By Kelly Tazuko Marciales

Alaska’s delegation to General Conference 2019 issued a statement endorsing the One Church Plan but acknowledges that the Alaska United Methodist Conference is diverse in geography, populations, and theology. With siblings in Christ in many theological camps around the communities in Alaska, we went to Alaskans at General Conference 2019 to understand what the implications of the various plans might be on the Missionary Conference.

The Alaska Conference considers itself one church with twenty-nine doors, ministering to communities across the state. And each of those doors opens outward to love those around the church with the love of Christ.

Rev. Charley Brower from Nome, Alaska

Rev. Charley Brower serves Nome Community UMC, the “door” of the conference in Nome, AK. If the One Church Plan does not succeed at GC2019, Charley is concerned that funding for the ministry in Nome might be reduced or possibly stop all together. Funding may have to be found from government sources to continue serving the needs that the church, and the affiliated Community Center, currently serves. In a community of 3,800 people, Charley estimates that the Nome Community Center serves approximately 1,000 residents. He shares that the Gospel is alive and being shared with new families and youth in innovative ways. “More and more of the younger folks are coming; a lesbian couple with three children. Our Social Justice Task force has women 25-40 years old with 8-15 members that work collaboratively to work on systemic changes in the community of Nome. Just this year, two new city council members were added that were Native Alaskan on what has been a traditionally all-white, male council,” Rev. Brower says, smiling and wearing a rainbow stole given to him by the Love Your Neighbor Coalition.

Pastor Jim Doepken, of Seward and Moose Pass UMCs says, “Alaskans like to think of themselves as independent. Many people come to Alaska to get away from something in the ‘Lower-48’ (apologies to Hawaii). We like to think of ourselves as being ‘a little different’ and doing things our own way; out of sight, out of mind from our neighbors to the south.” However, Alaskans are very dependent on those outside of Alaska. Alaskans rely upon them for goods, tourism, the purchase of oil, and a whole lot of Federal dollars.

The Alaska United Methodist Conference is very dependent on the rest of the denomination as well. They are dependent upon finances and work teams from their friends to the south. They have a history of assistance from the General Board of Global Ministries. Moreover, since there is no Annual Conference membership for clergy in missionary conferences, many clergy have their membership somewhere else, in conferences across the nation. Says Doepken, “We would like to keep those relationships open.”
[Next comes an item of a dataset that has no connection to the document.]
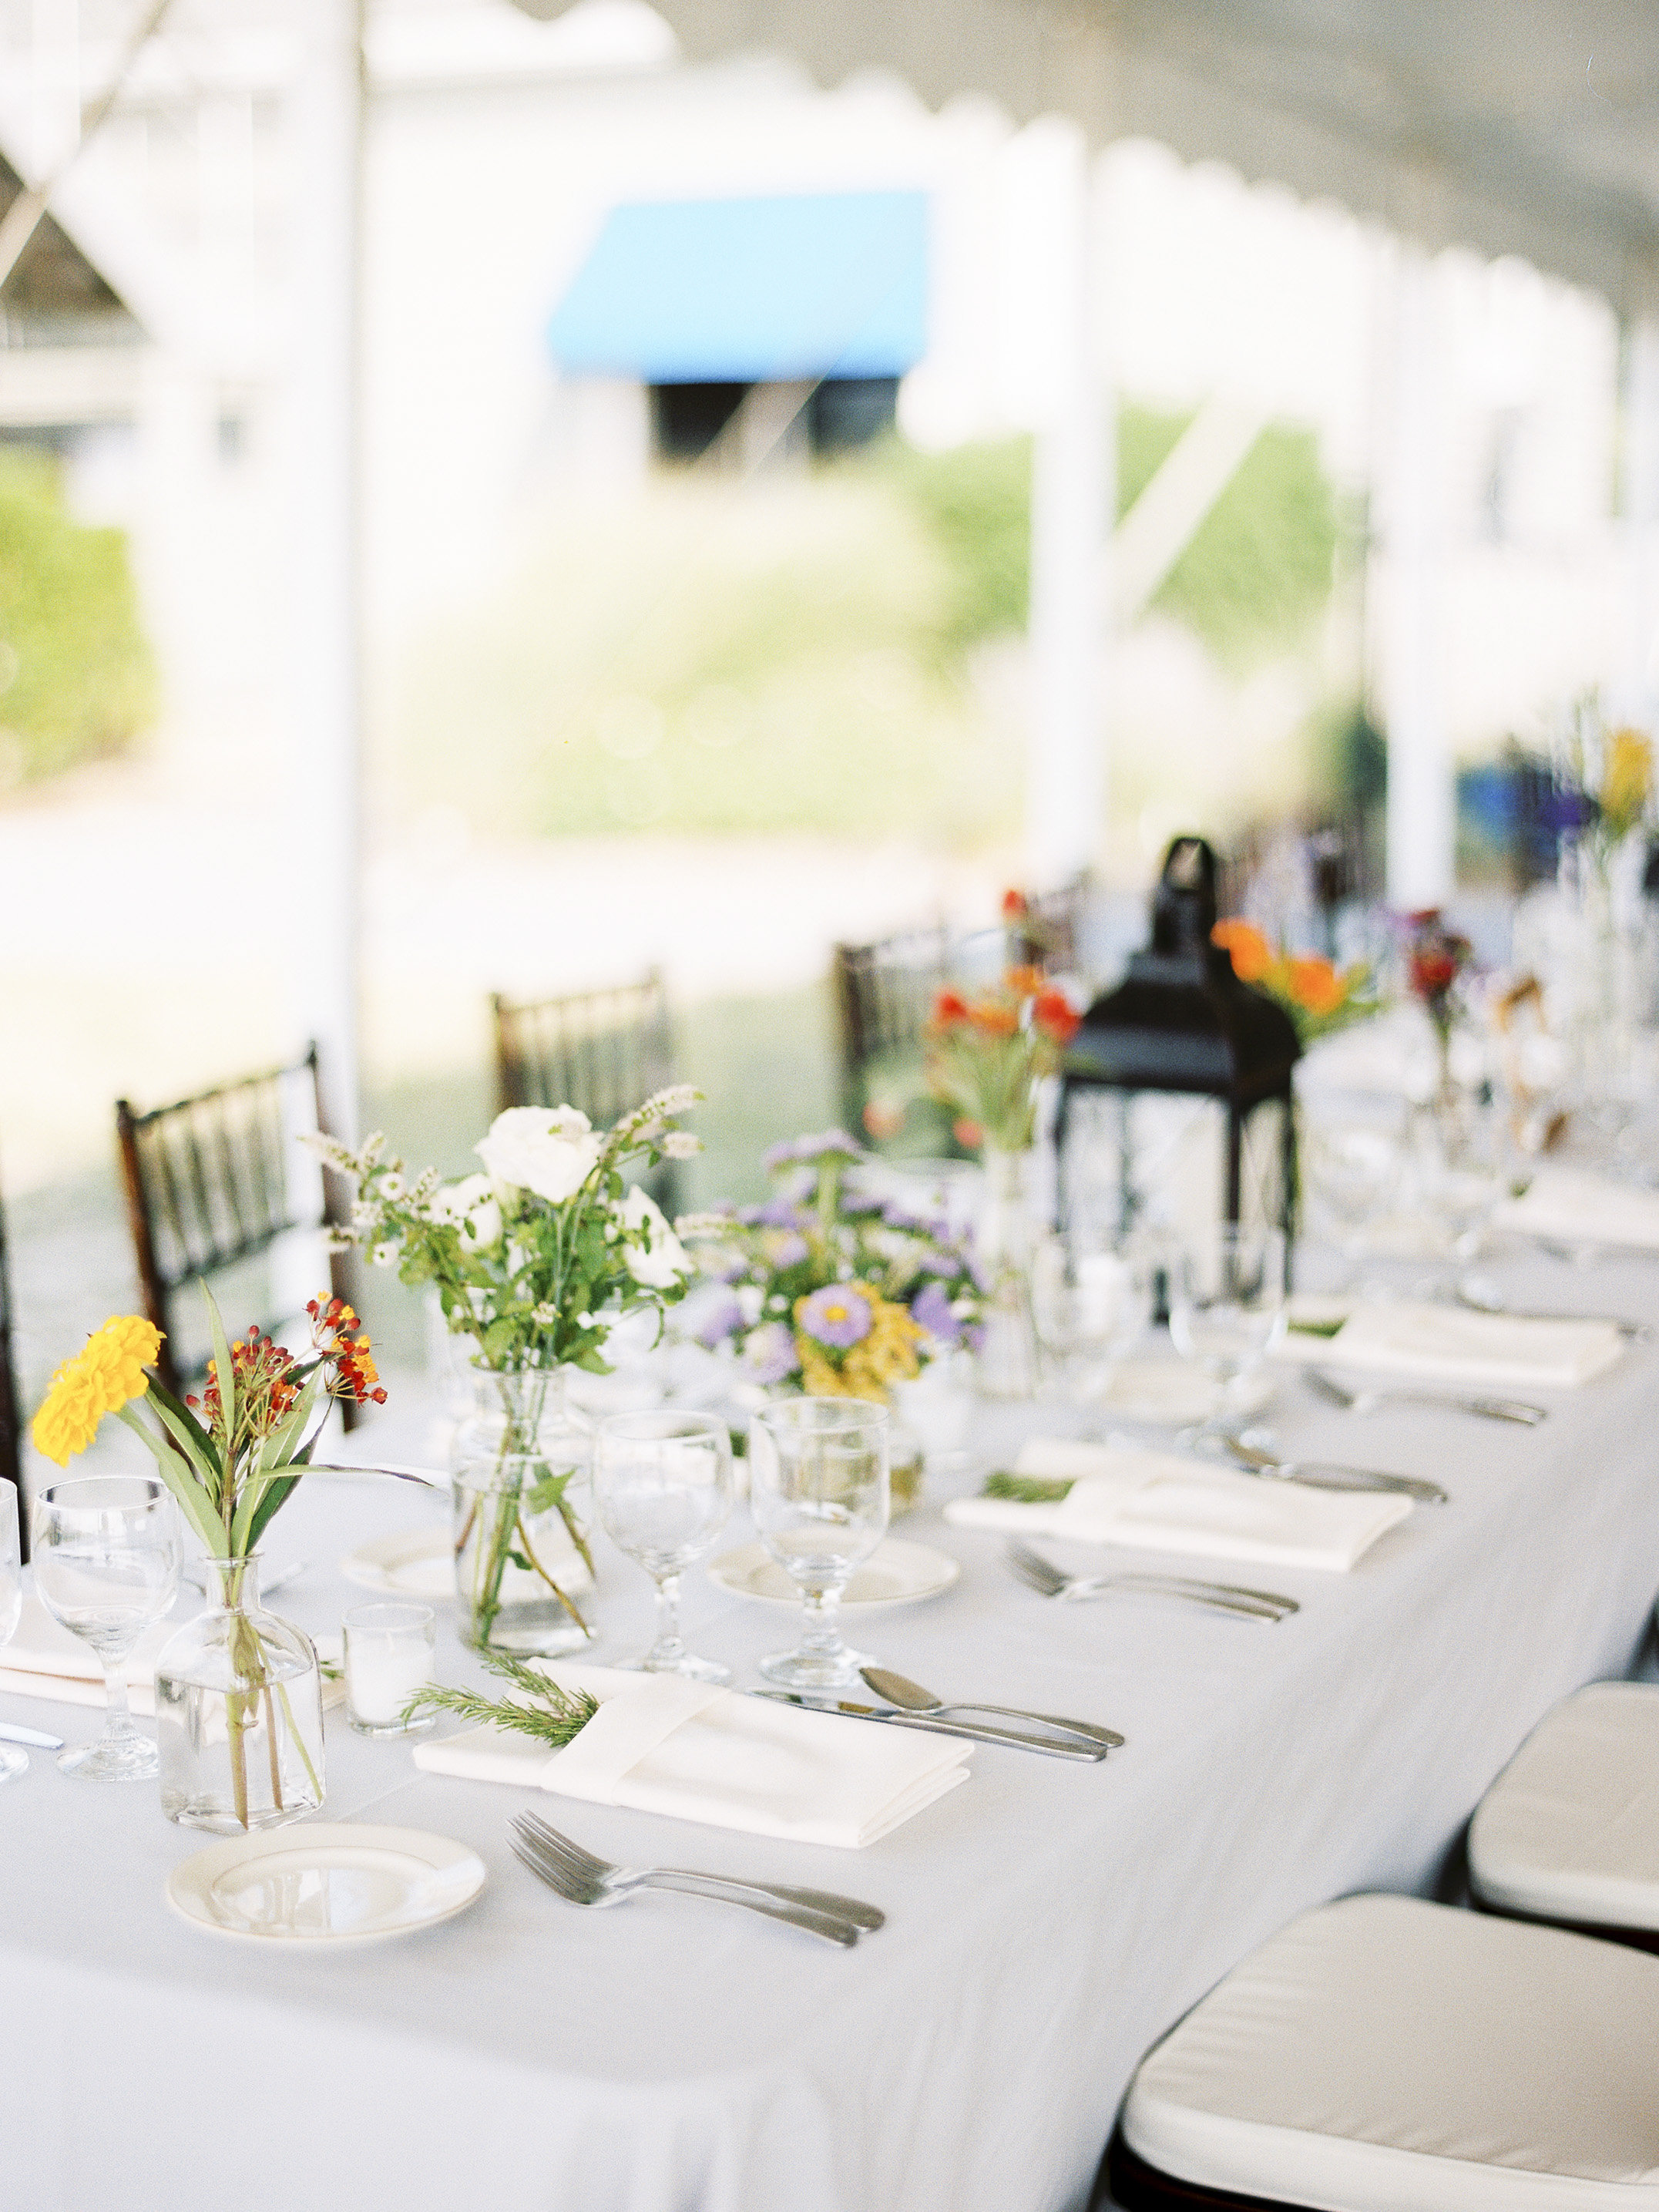 36 simple wedding centerpieces

There are reservations about the One Church Plan which was produced by the Commission on the Way Forward and recommended by the Council of Bishops. Steve Fisher, keeping open “the door” of First United Methodist Church, Anchorage open, says, “I believe that the One Church Plan forces local congregations to become congregational churches in a sense, instead of appointive churches and that’s not who we are… I don’t think that brings a healthy process to us. I prefer to think of this whole [denomination] as a global church instead of local churches. We are supposed to be a connectional church.”

Linda Haynes and Rev. Dan Wilcox of Christ First UMC in Wasilla, AK

Linda Haynes, lay member from Christ First UMC in Wasilla notes that the Alaska conference is tied into the Pacific Northwest Conference and the Greater Northwest Episcopacy. As the conference statistician, Haynes is concerned that the demographics of the the episcopal area are not reflective of the Alaskan Conference ministry areas.

Headed into General Conference, Carlo Rapanut, Superintendent and Head of Delegation, offered the following prayer to the Alaska Conference:

God of grace and God of glory, on thy people pour thy power; crown thine ancient church’s story; bring her bud to glorious flower.

As we engage in the work of the General Conference Special Session in St. Louis, help us to create gracious space for conversation to happen. Give us the grace to stay at the table, even with those with whom we disagree with. Keep us mindful of your children and our siblings who do not have a place or a voice at the table. Make us sensitive to the moving of your Holy Spirit and discern the ways in which we are called to act. Lead us in a way forward.

God of grace and God of glory, on thy people pour thy power; Grant us wisdom, grant us courage, for the facing of this hour, for the living of these days, lest we miss thy kingdom’s goal, and serving thee whom we adore.

May it be so!

Kelly is a Deaconess currently serving in the Alaska Conference as the Executive Director of Valley Interfaith Action (VIA).